EXERCISE —
Your response should consist of the entire listing, transcribed exactly, with every image left out.

*** DATASET EXTRACT ***

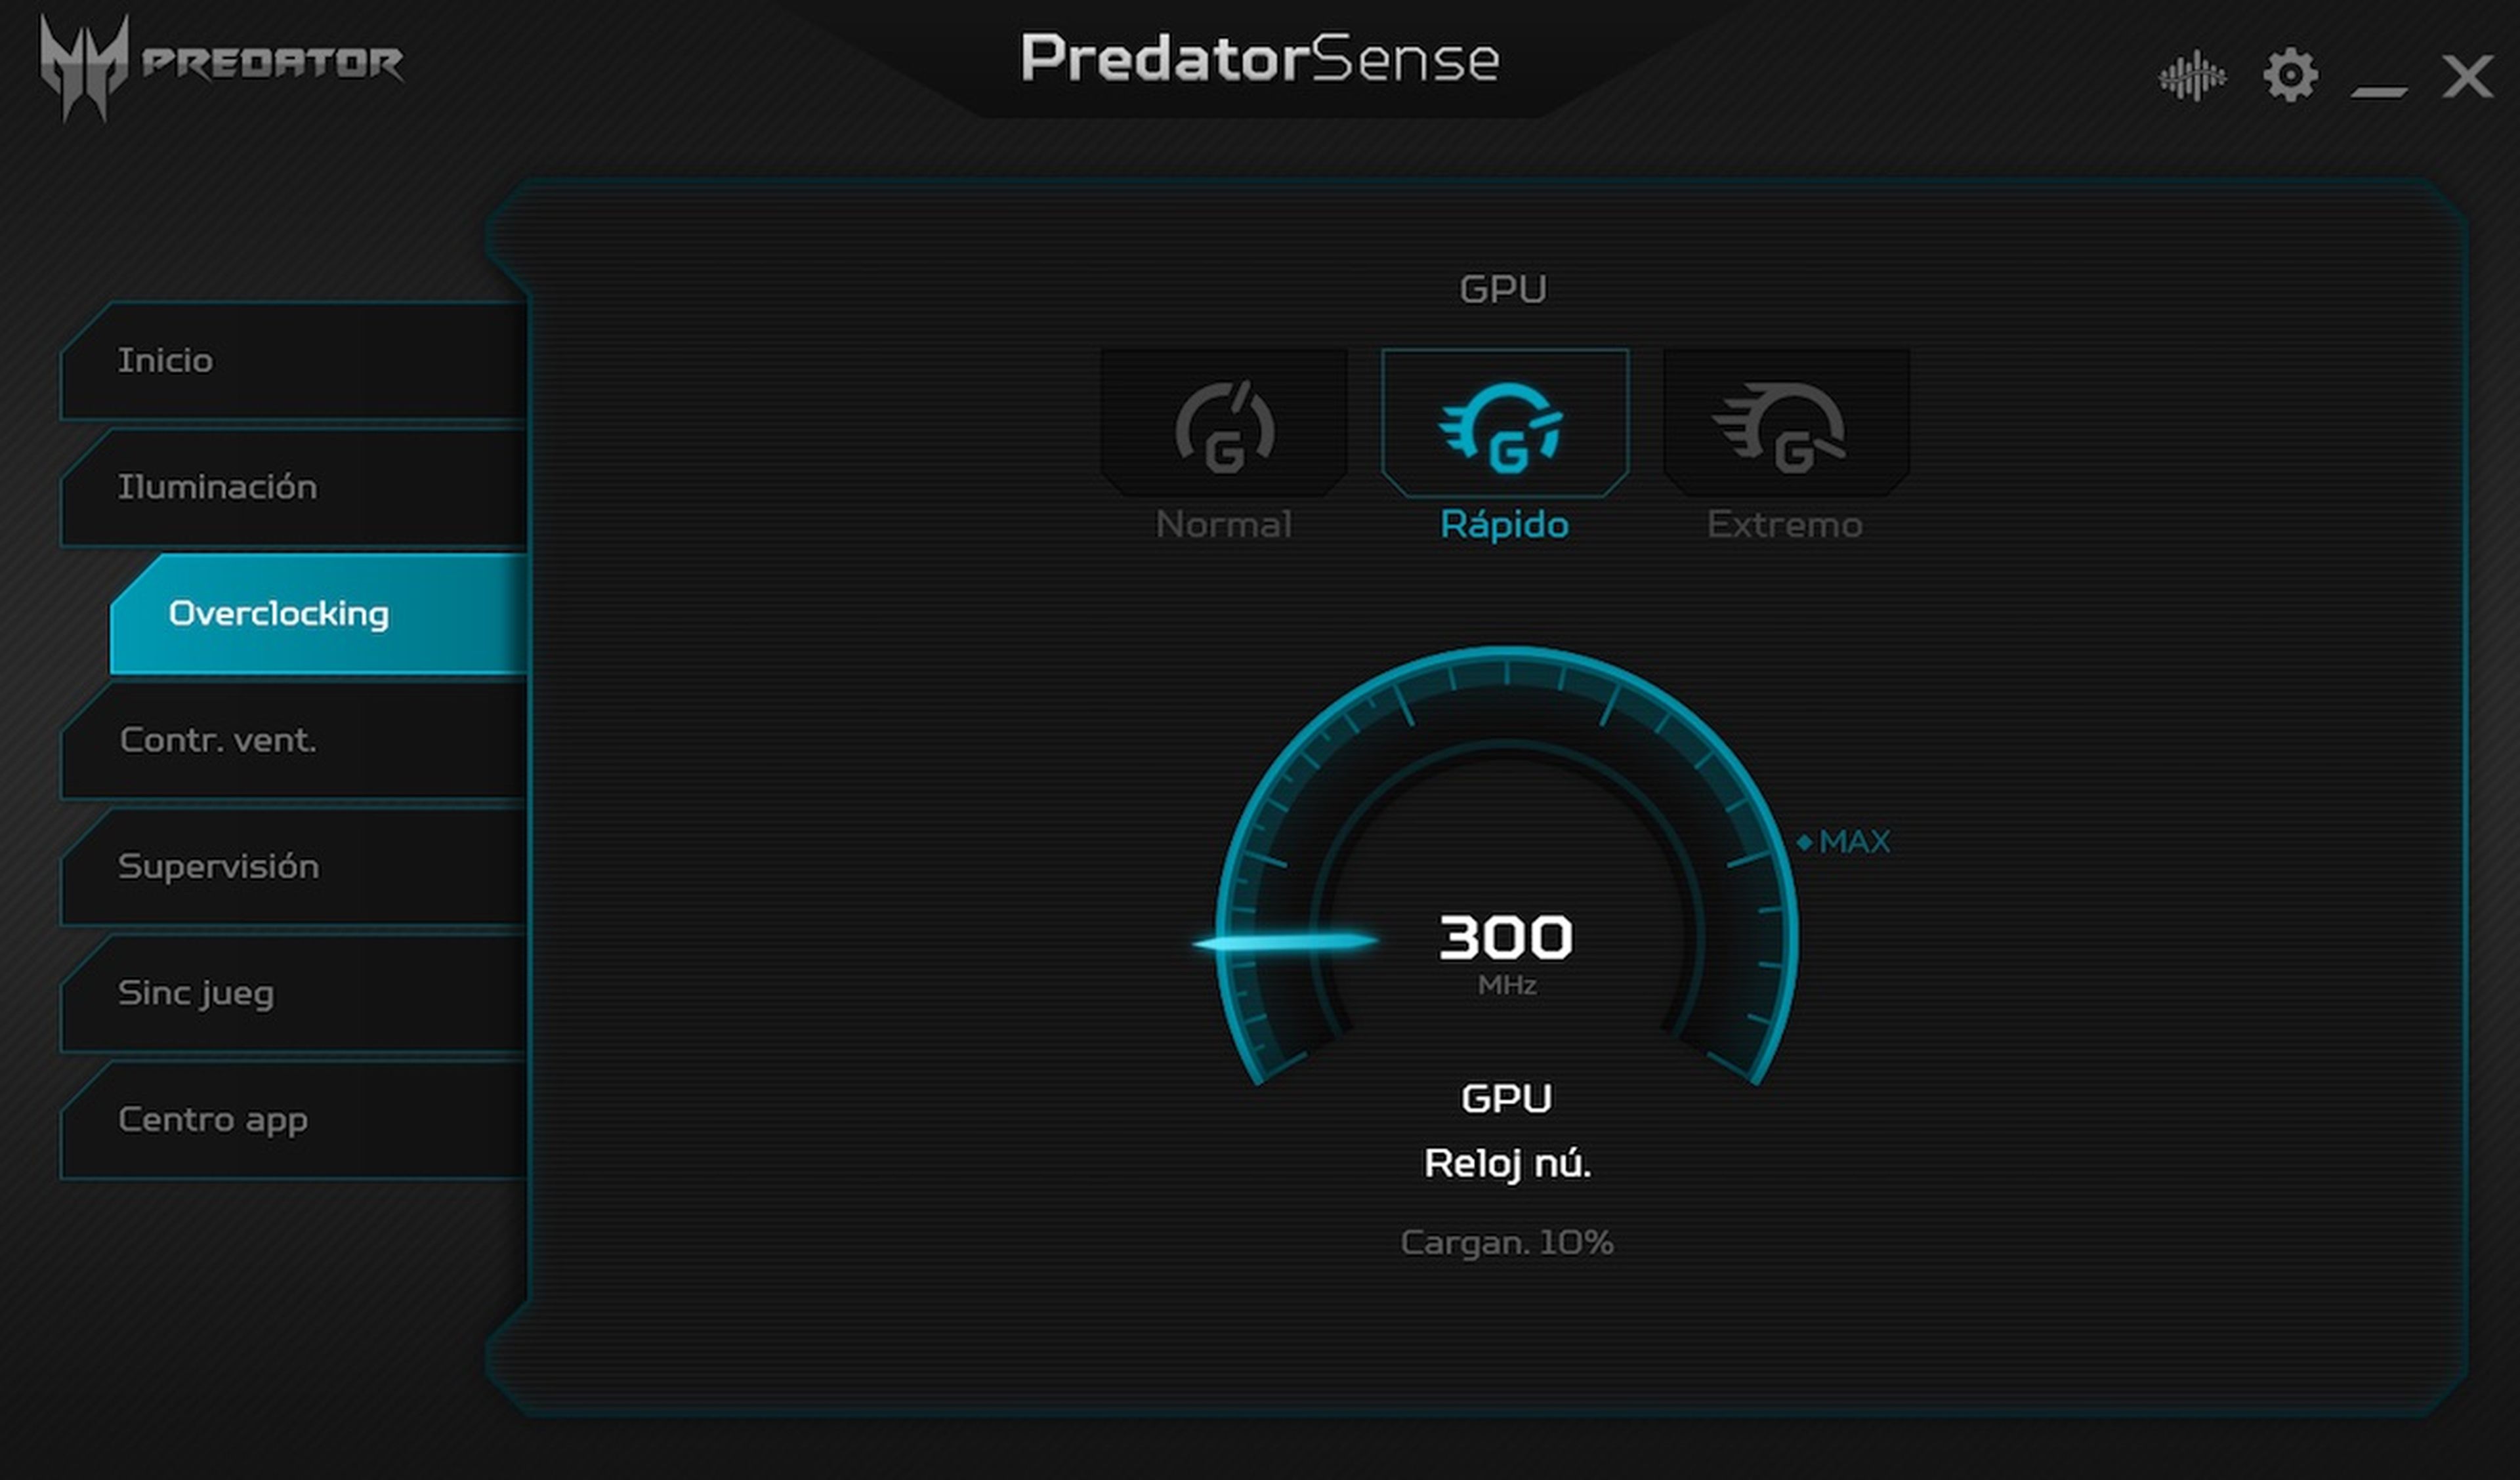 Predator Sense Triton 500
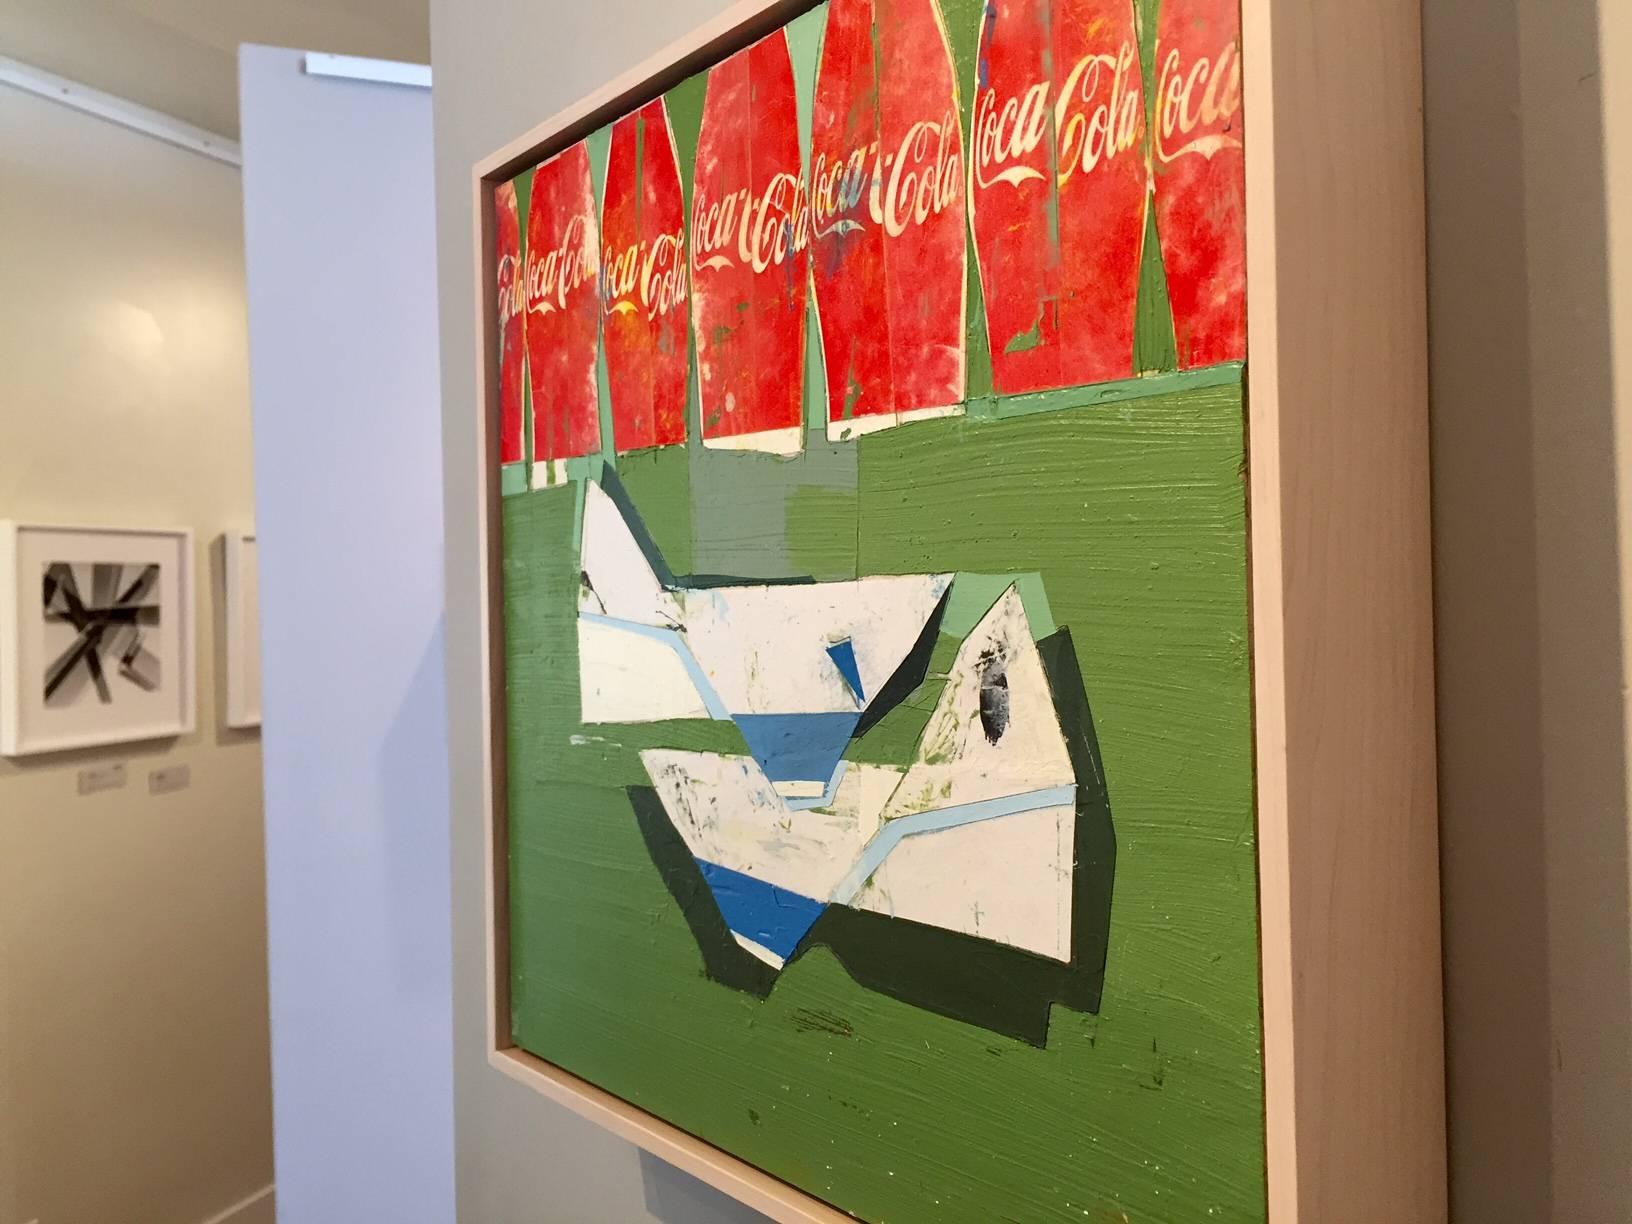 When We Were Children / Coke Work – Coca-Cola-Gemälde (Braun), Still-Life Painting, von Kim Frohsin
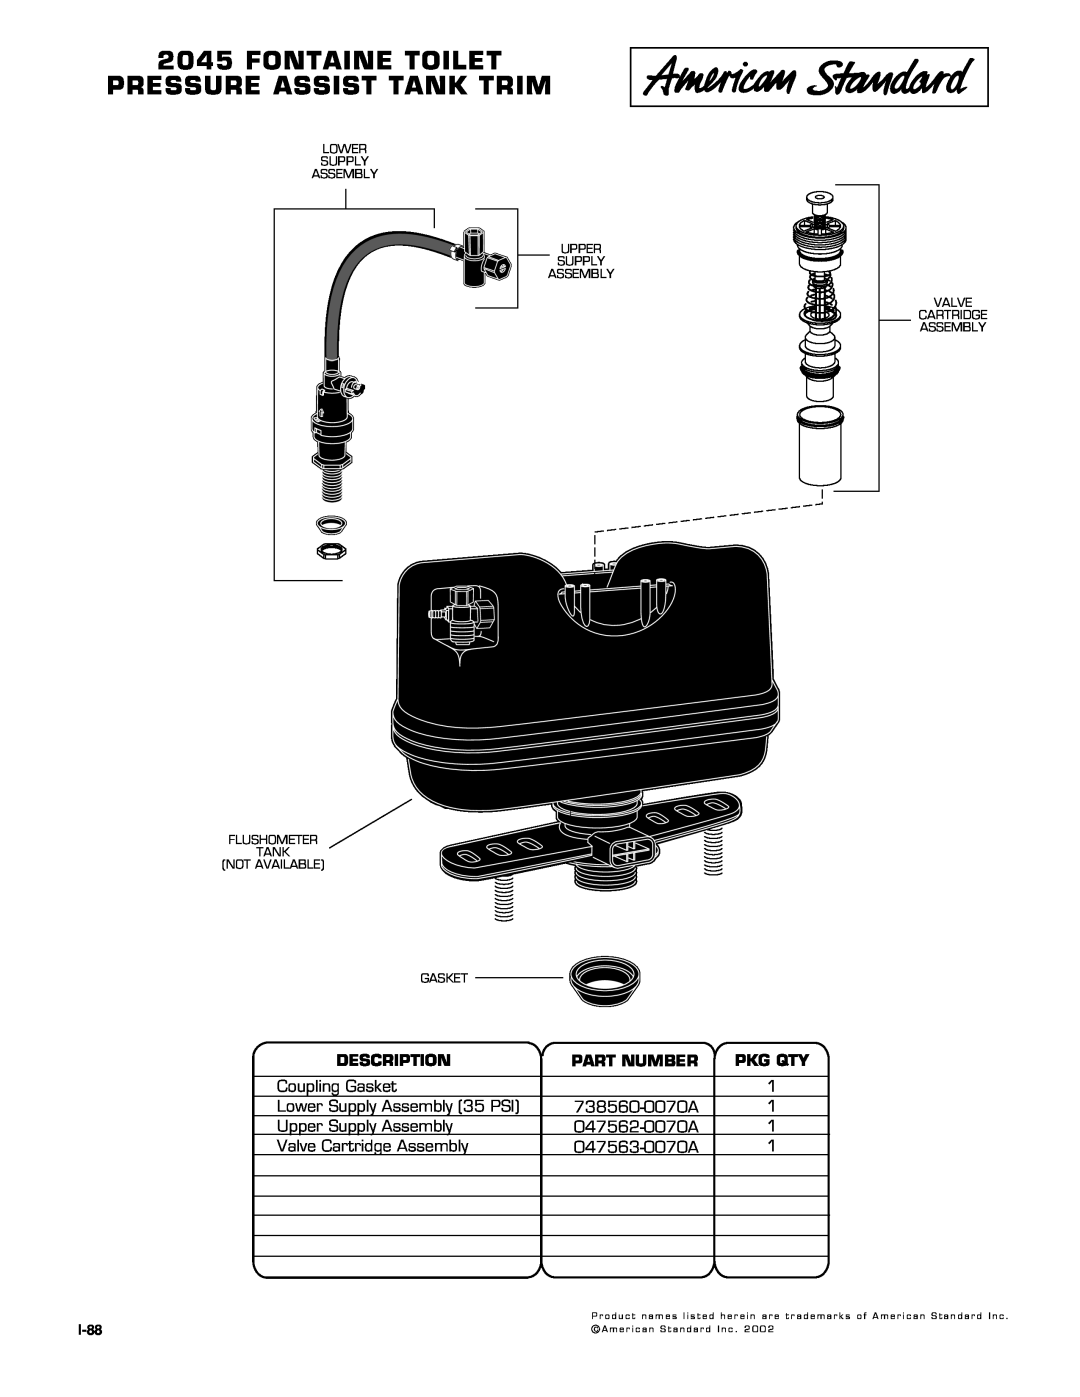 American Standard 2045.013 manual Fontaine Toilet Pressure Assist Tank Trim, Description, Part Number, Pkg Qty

*** End of DATASET EXTRACT ***

COMPLETED EXERCISE —
 Predator Sense Triton 500
 When We Were Children / Coke Work – Coca-Cola-Gemälde (Braun), Still-Life Painting, von Kim Frohsin
 American Standard 2045.013 manual Fontaine Toilet Pressure Assist Tank Trim, Description, Part Number, Pkg Qty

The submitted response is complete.